(COLLECTED MATERIAL begins)

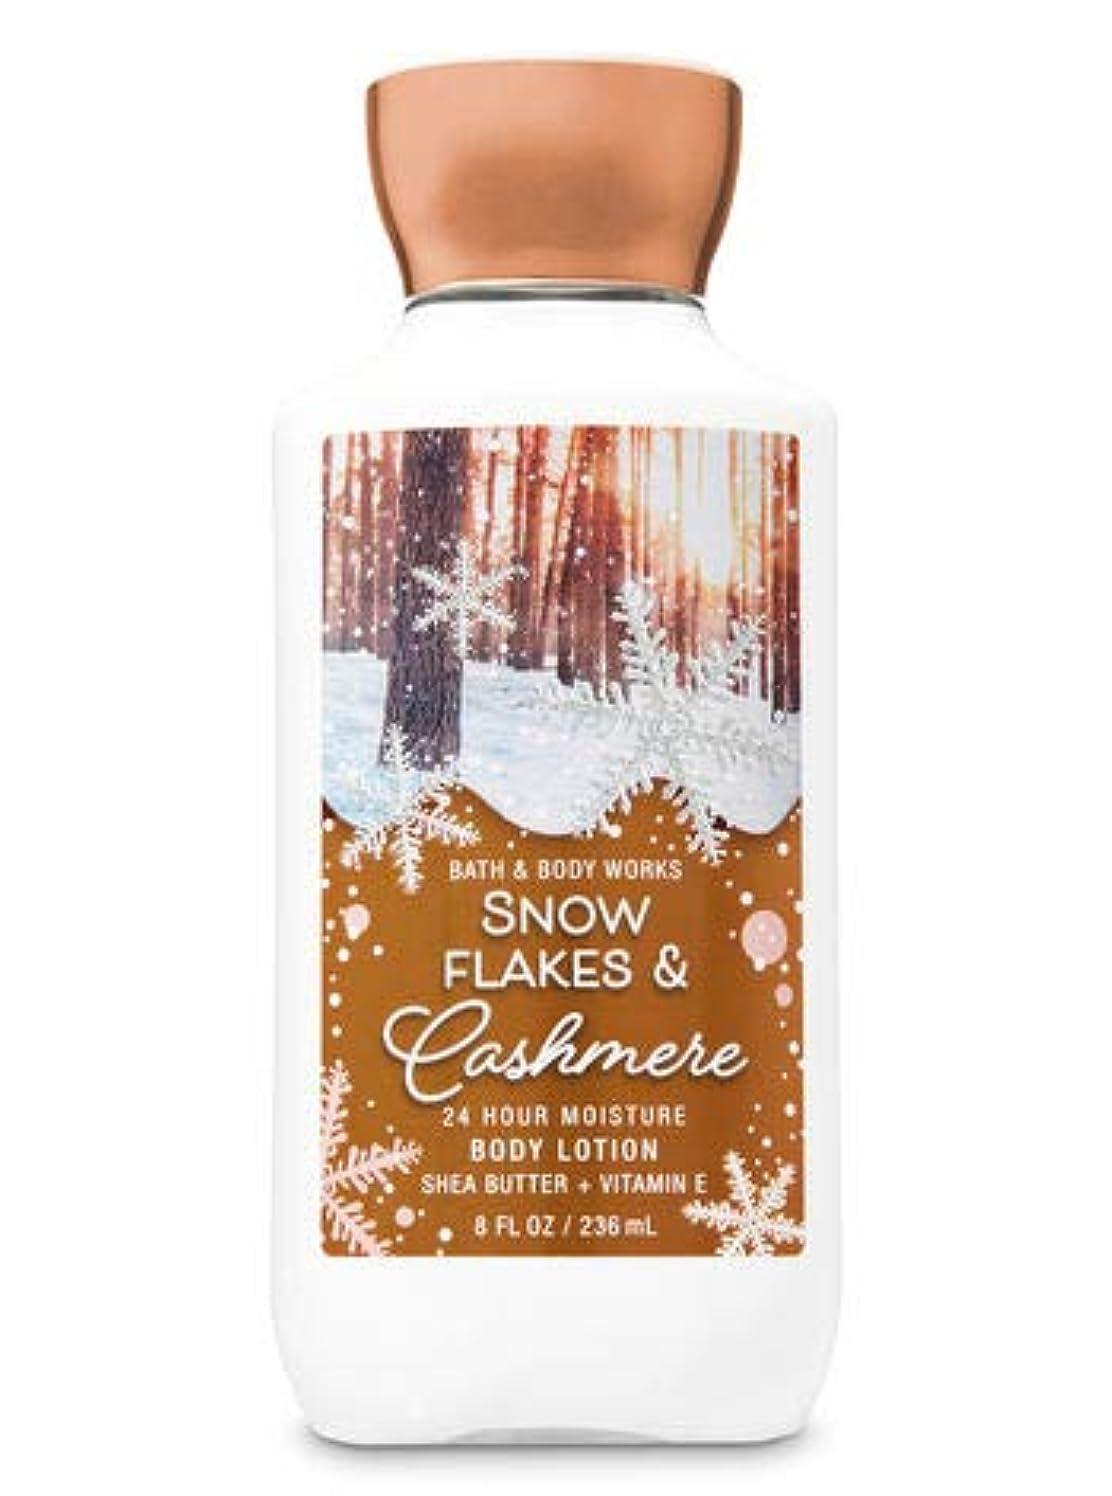 リップメール第九【Bath&Body Works/バス&ボディワークス】 ボディローション スノーフレーク&カシミア Body Lotion Snowflakes & Cashmere 8 fl oz / 236 mL [並行輸入品]
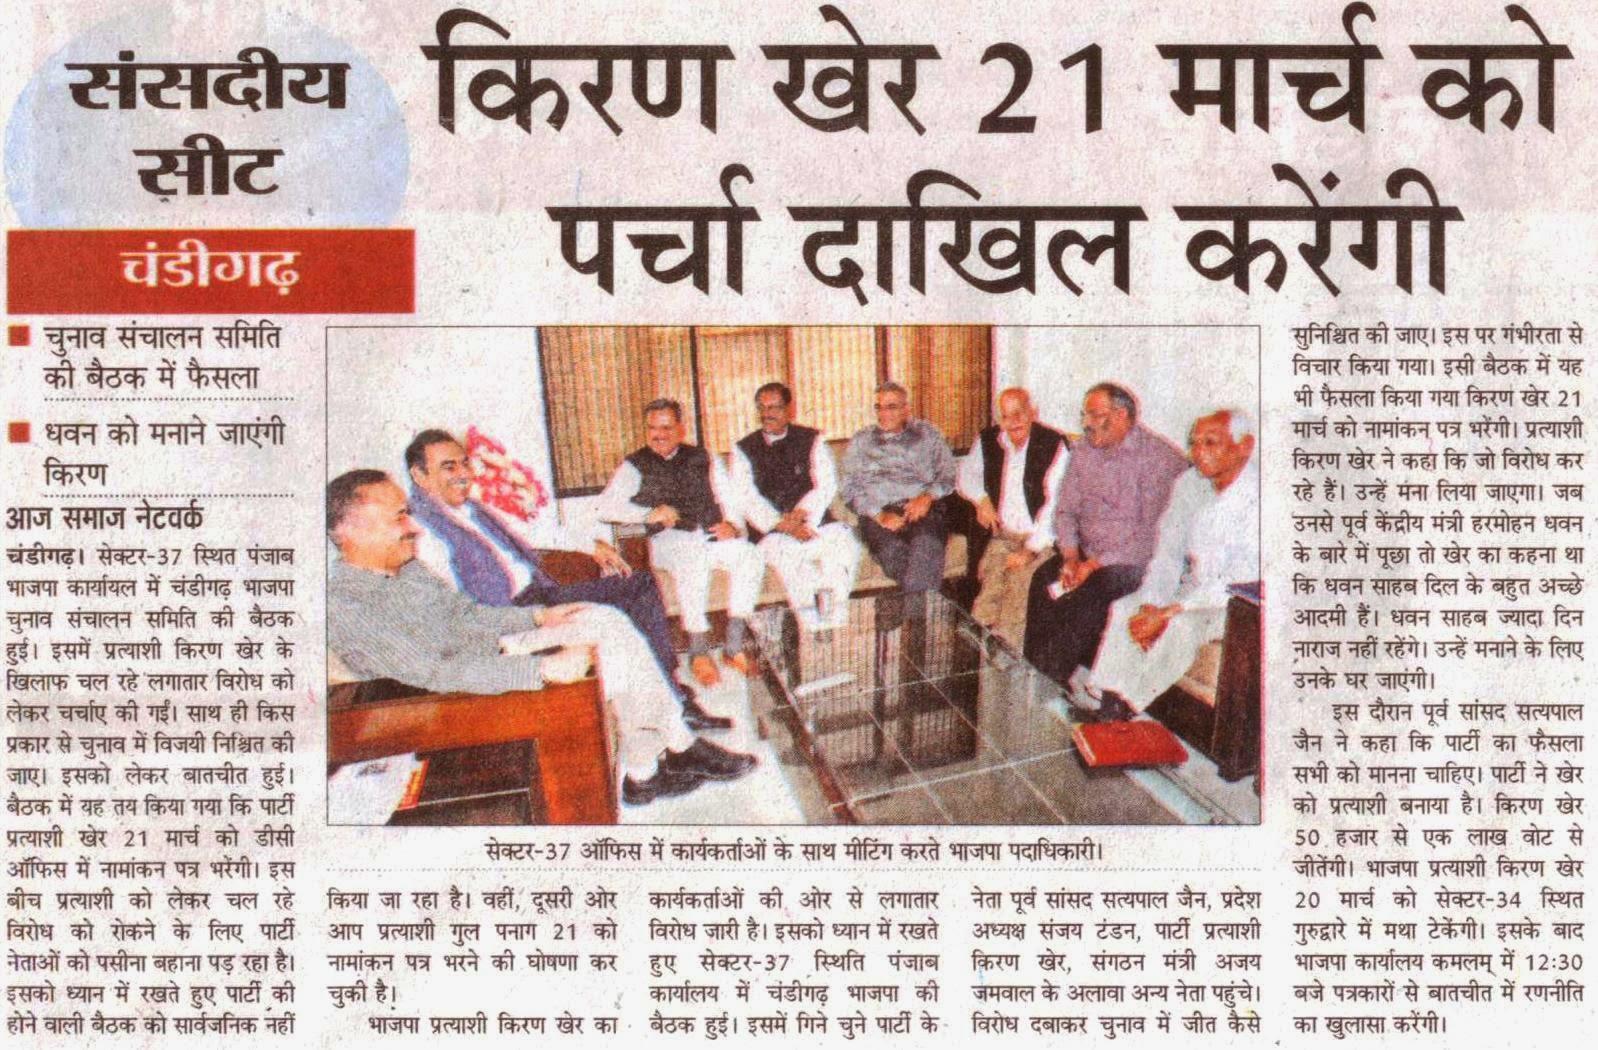 सेक्टर 37 ऑफिस में कार्यकर्ताओं के साथ मीटिंग करते भाजपा के वरिष्ठ नेता सत्य पाल जैन व अन्य
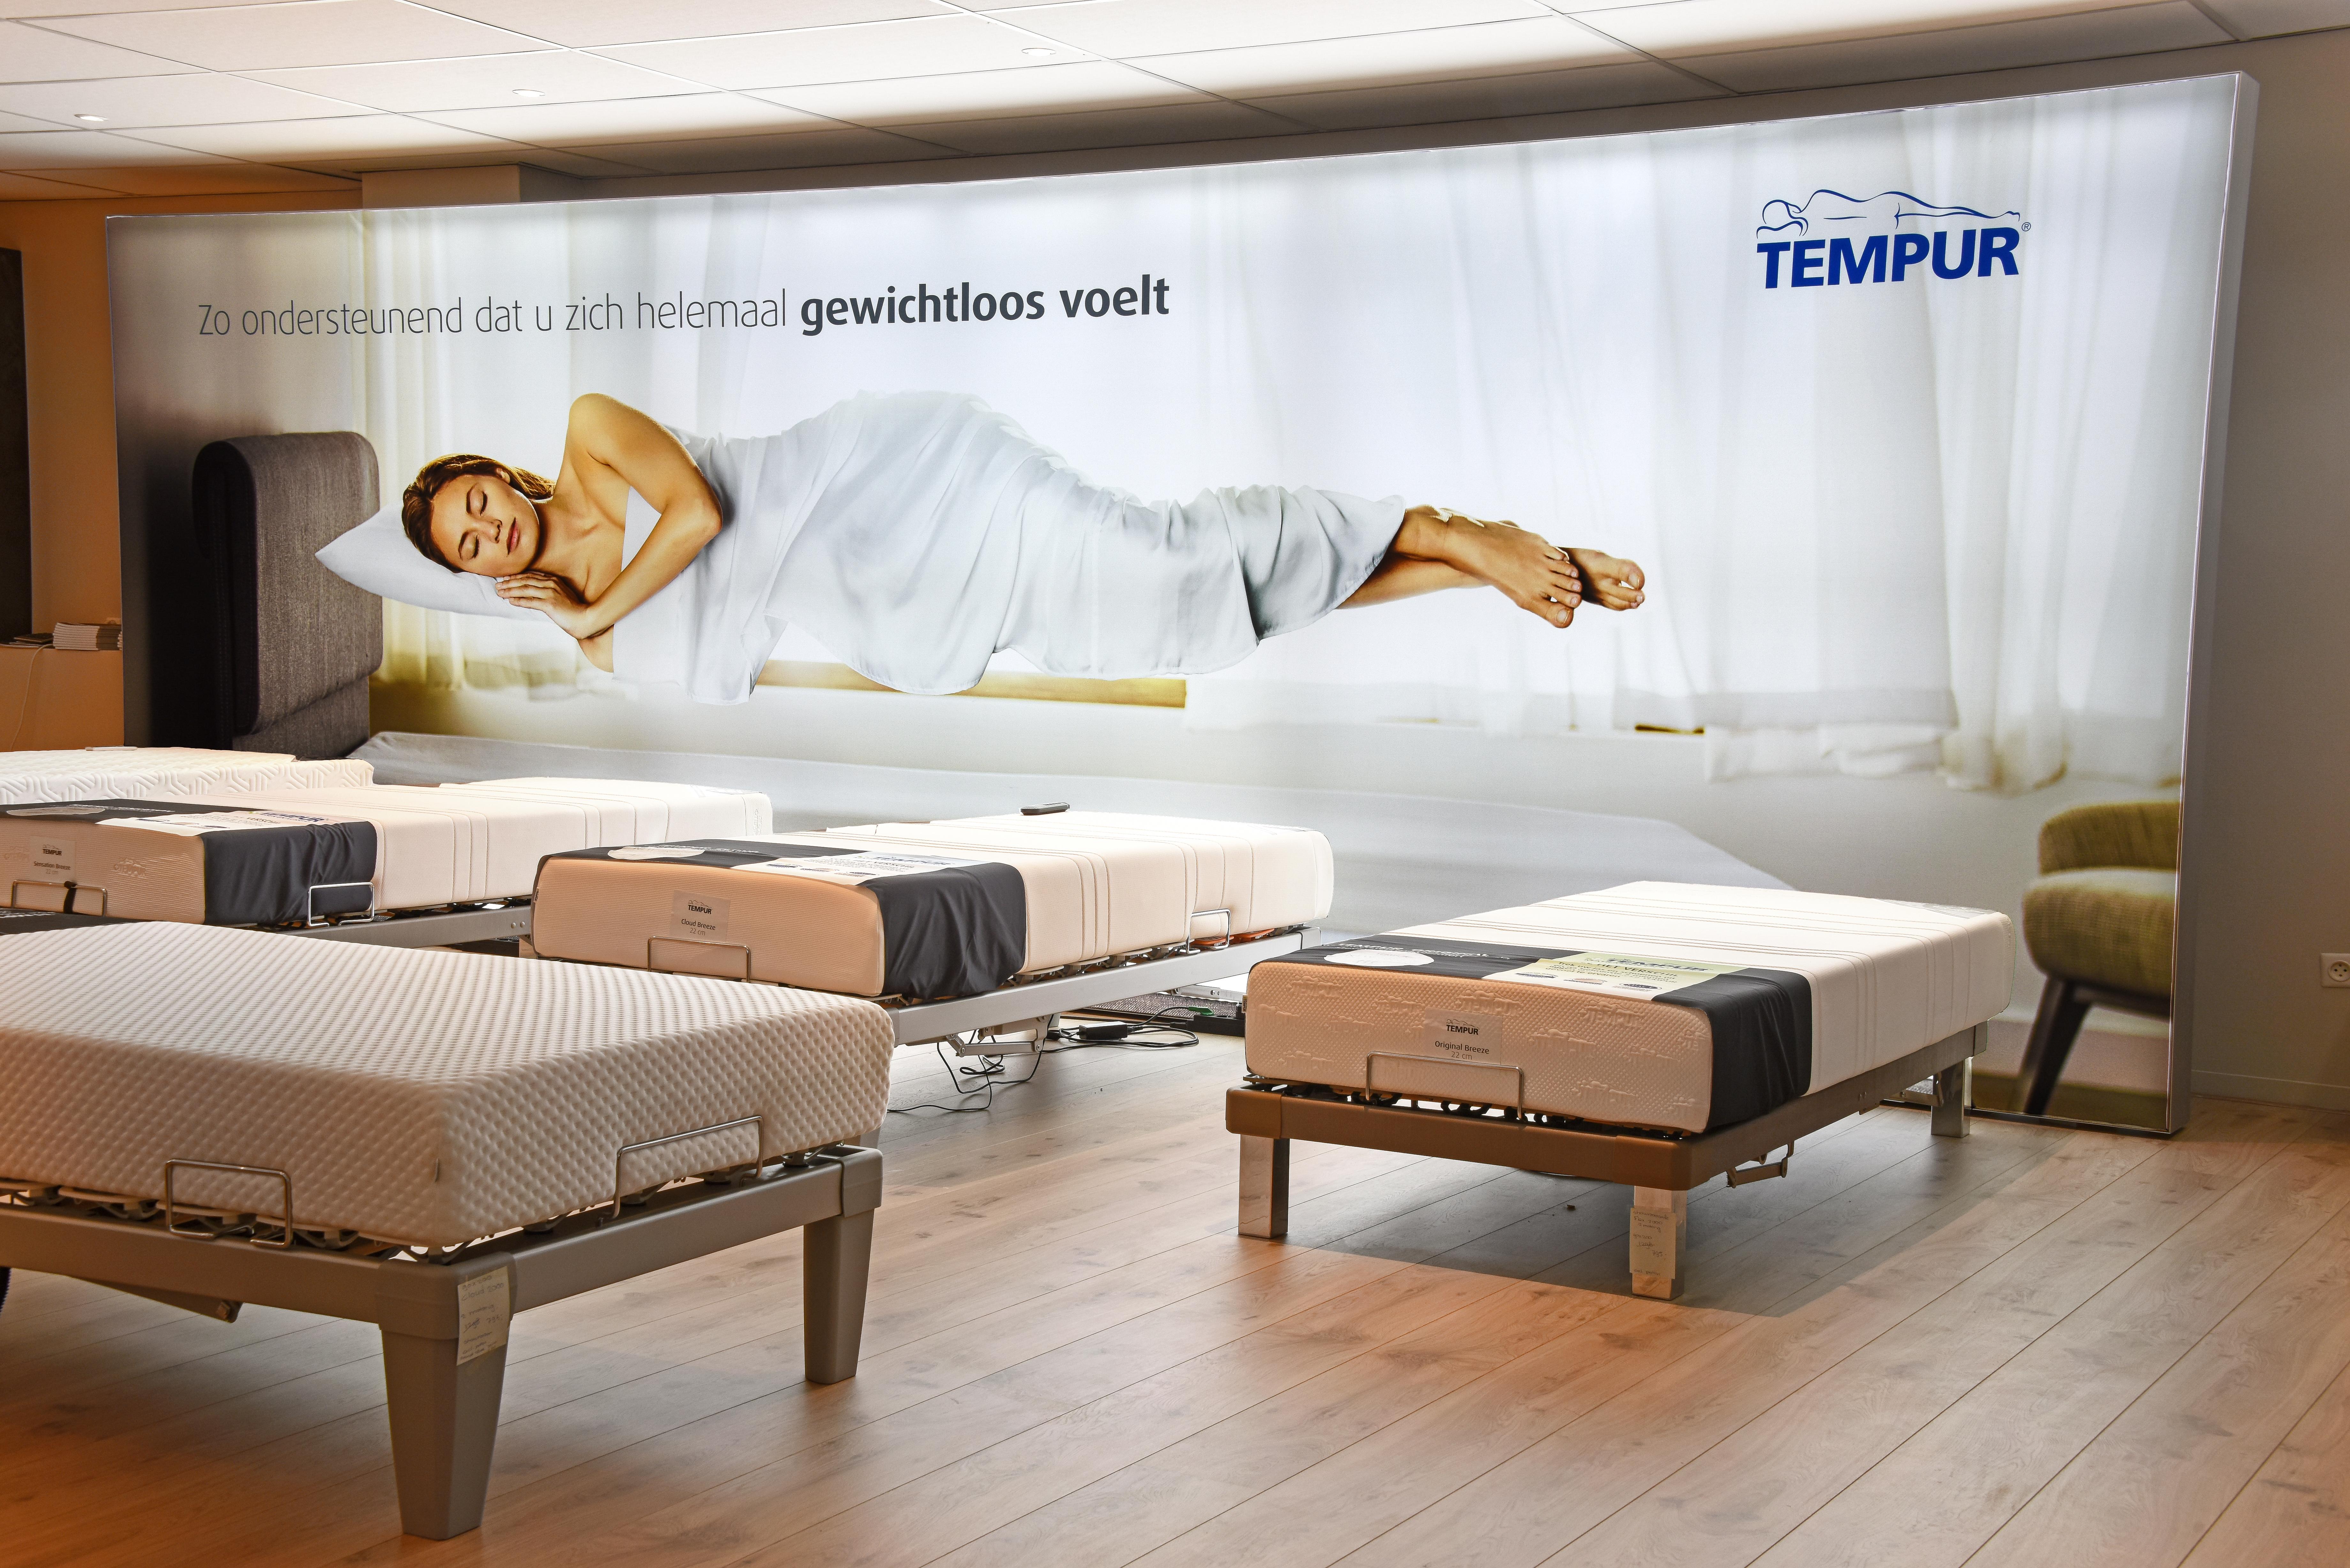 Tempur klinkers wonen en slapen

(COLLECTED MATERIAL ends)

▶ [THE PROBLEM]: Instruction for this listing: copy it exactly, but leave the images behind.

▶ [SOLUTION]:
 リップメール第九【Bath&Body Works/バス&ボディワークス】 ボディローション スノーフレーク&カシミア Body Lotion Snowflakes & Cashmere 8 fl oz / 236 mL [並行輸入品]
 सेक्टर 37 ऑफिस में कार्यकर्ताओं के साथ मीटिंग करते भाजपा के वरिष्ठ नेता सत्य पाल जैन व अन्य
 Tempur klinkers wonen en slapen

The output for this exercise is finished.